> **What to do**: Among the entries below, copy only the span from the line containing "France, Paris, Museum" through the line containing "2019 Spring Concert Flier 03-25-19.jpg". Do so exactly, and skip the pictures.

> **Exercise material**:
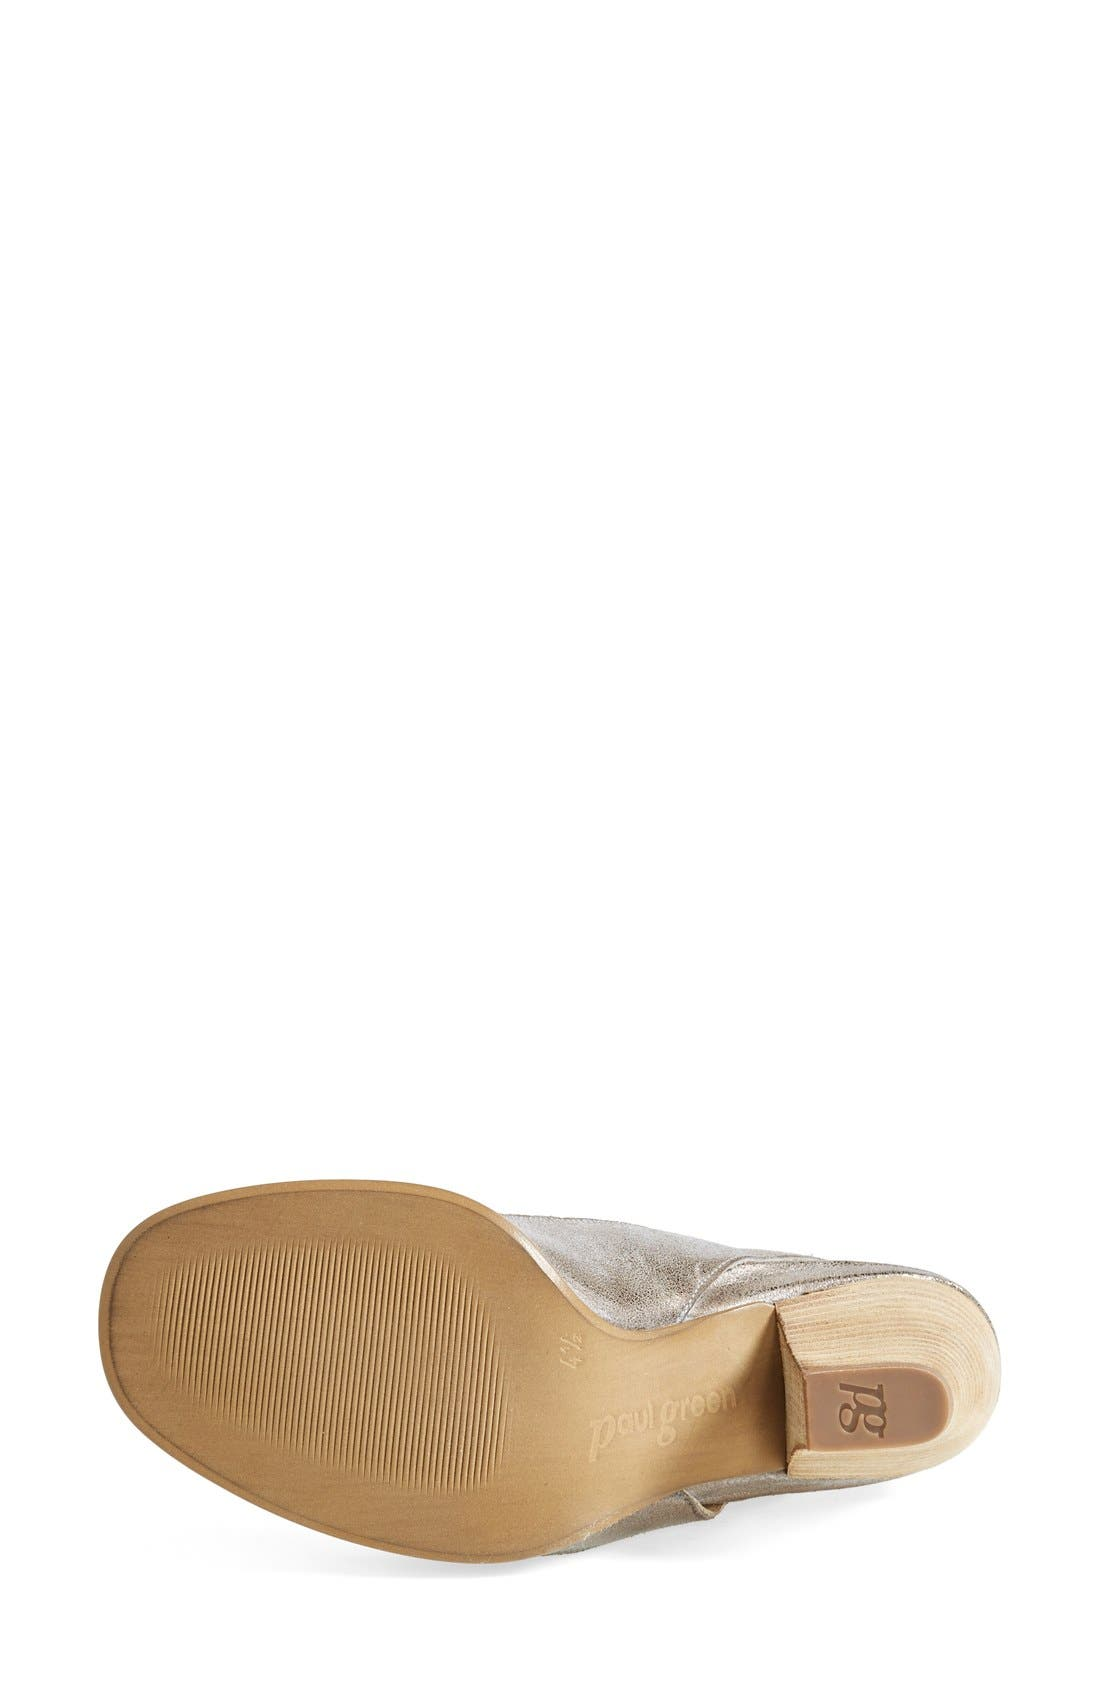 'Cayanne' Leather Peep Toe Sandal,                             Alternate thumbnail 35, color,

...

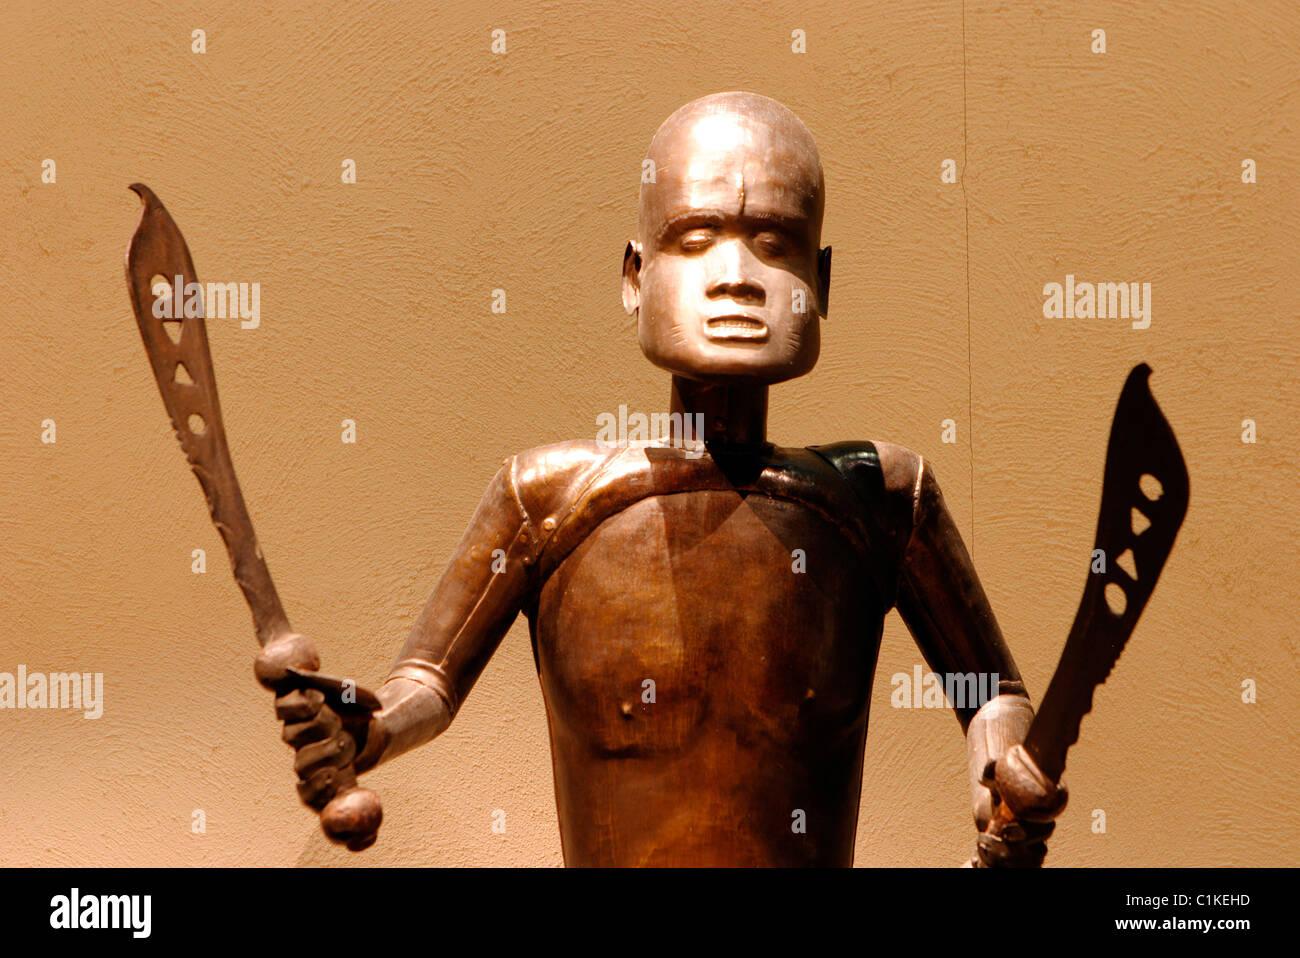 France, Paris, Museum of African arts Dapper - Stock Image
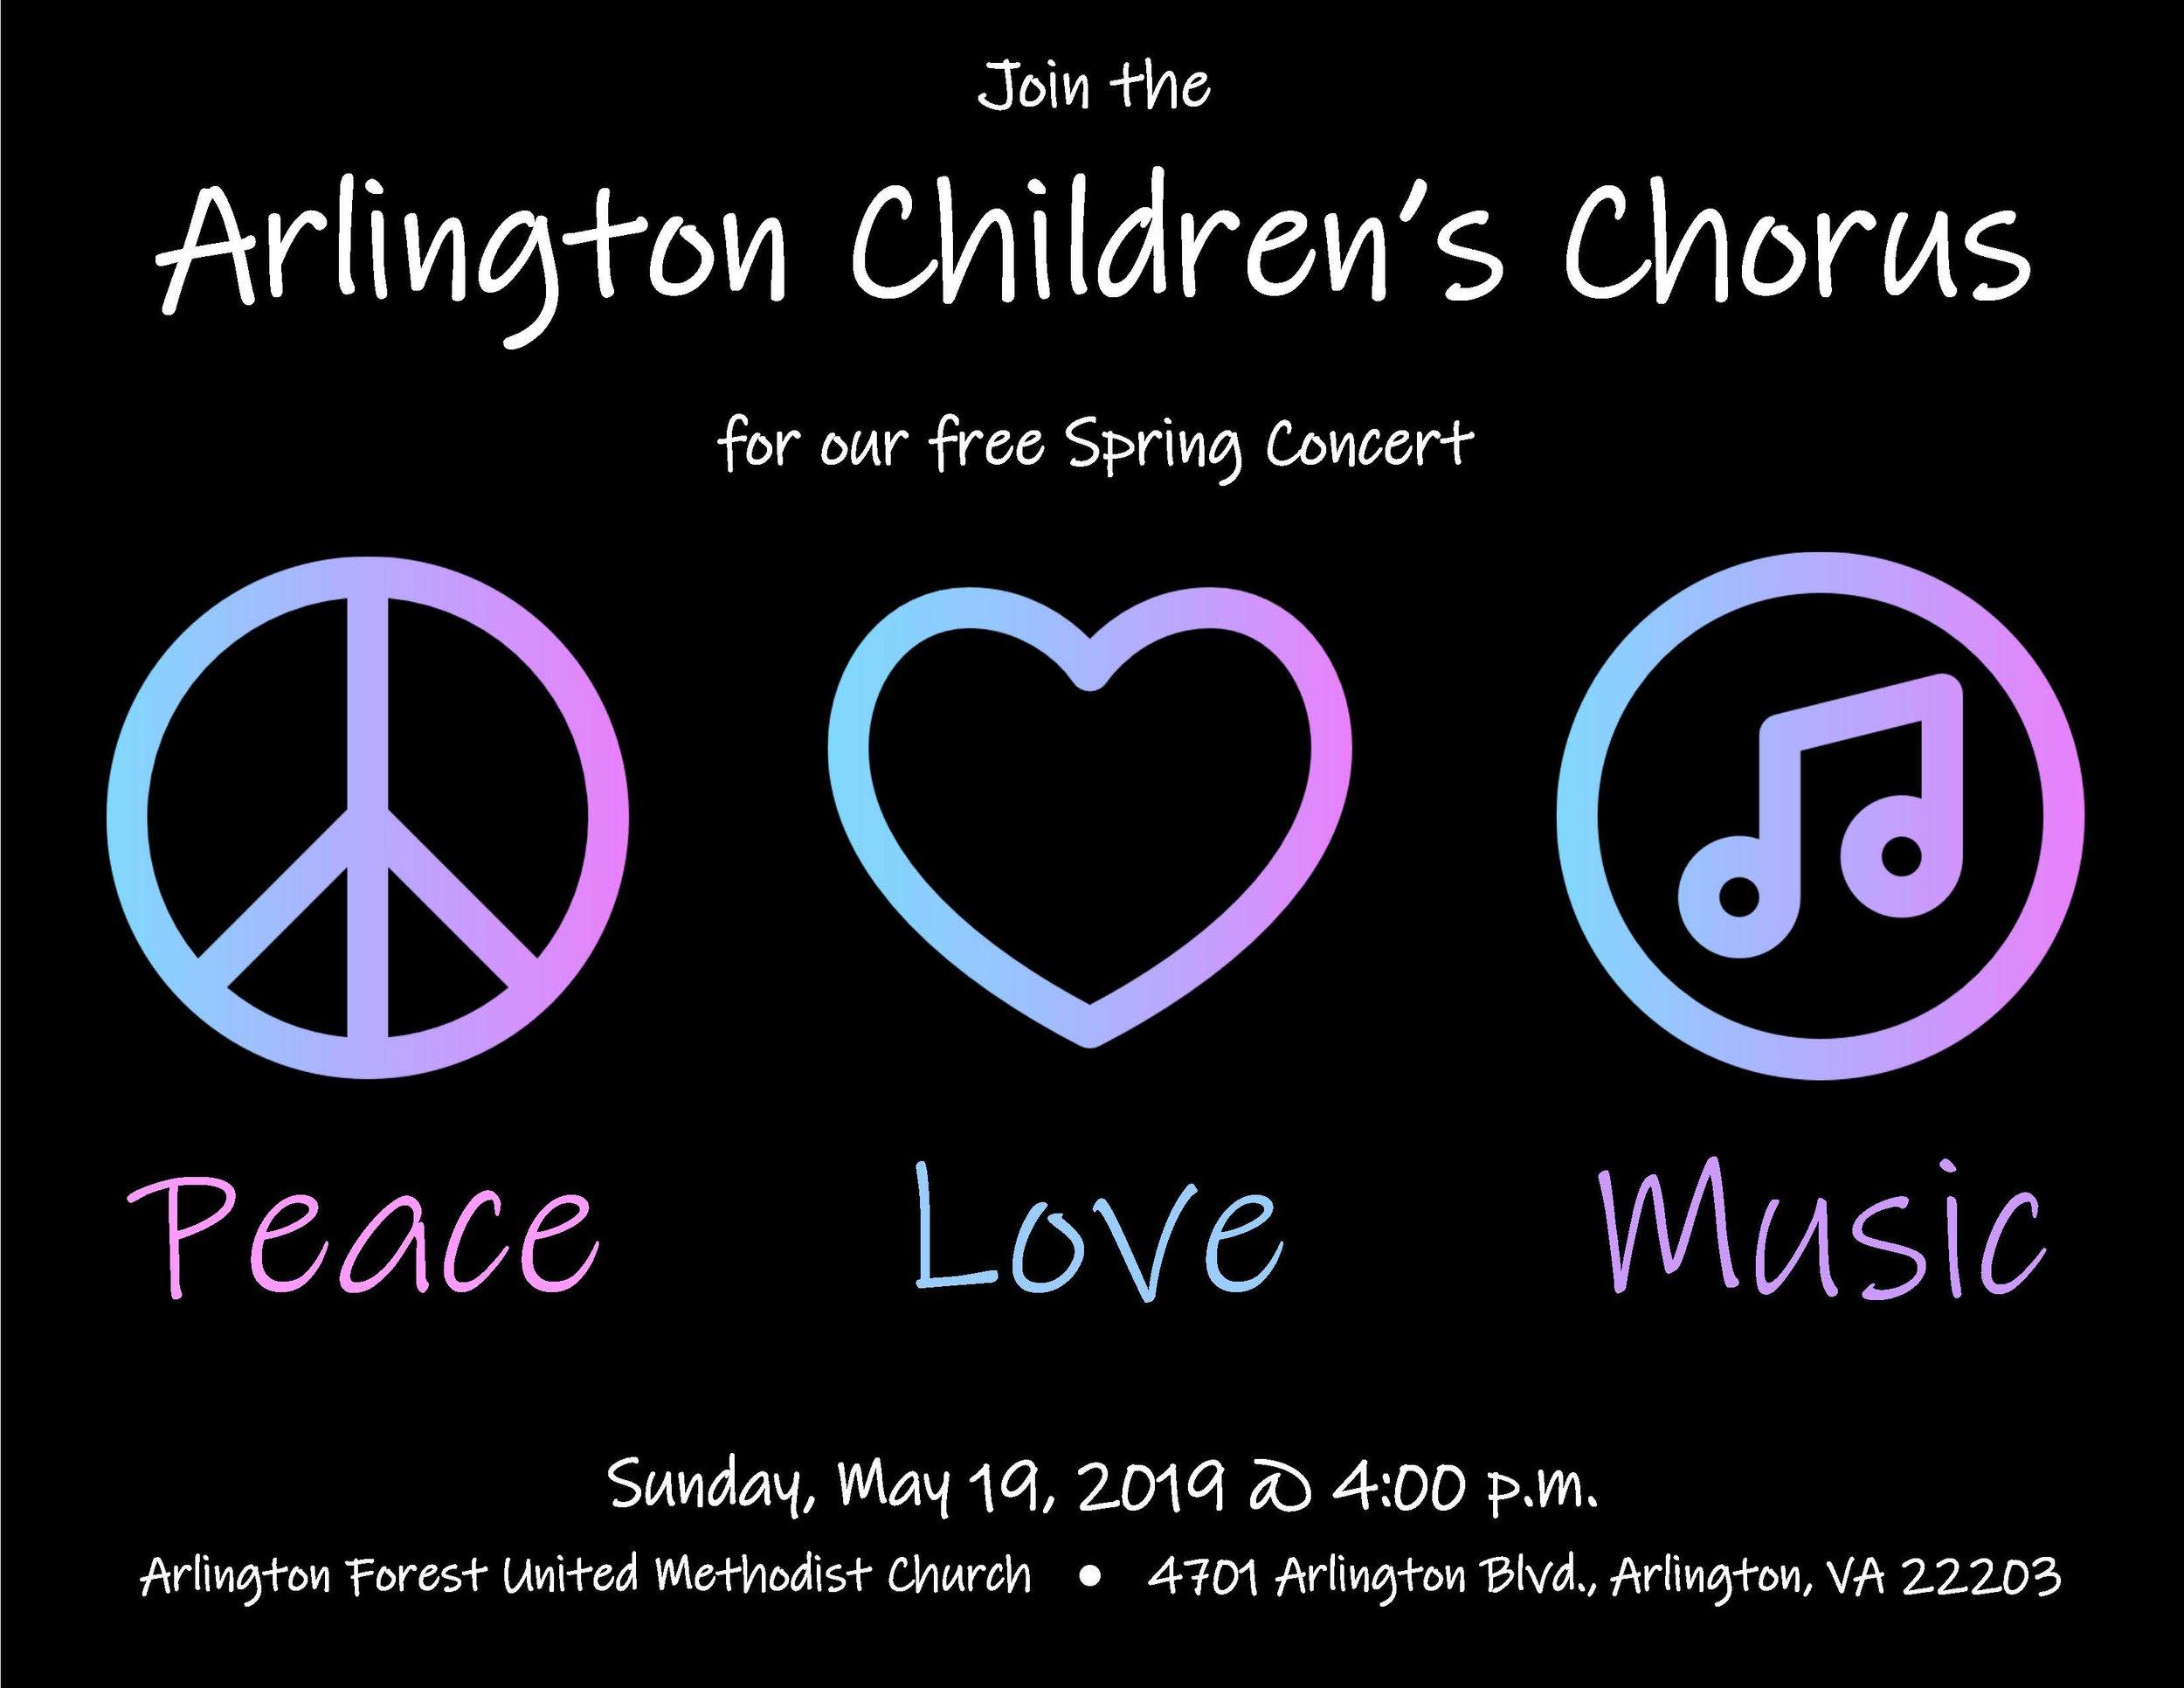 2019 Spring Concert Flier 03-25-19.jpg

==

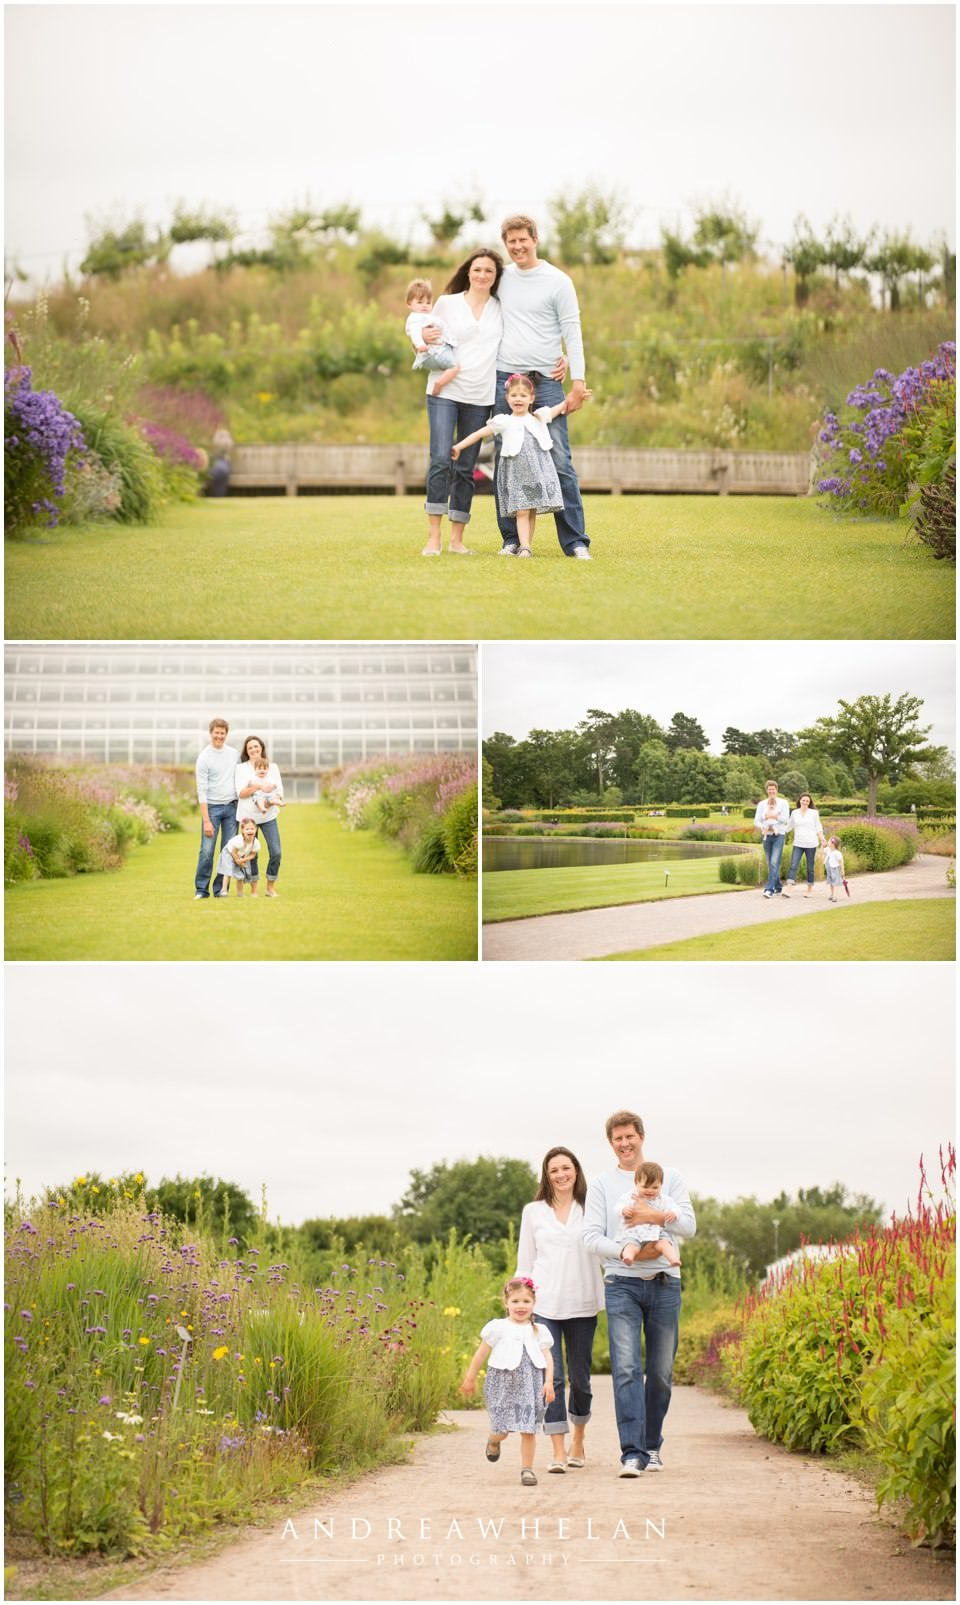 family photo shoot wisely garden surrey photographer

> **Answer box**:
 France, Paris, Museum of African arts Dapper - Stock Image
 2019 Spring Concert Flier 03-25-19.jpg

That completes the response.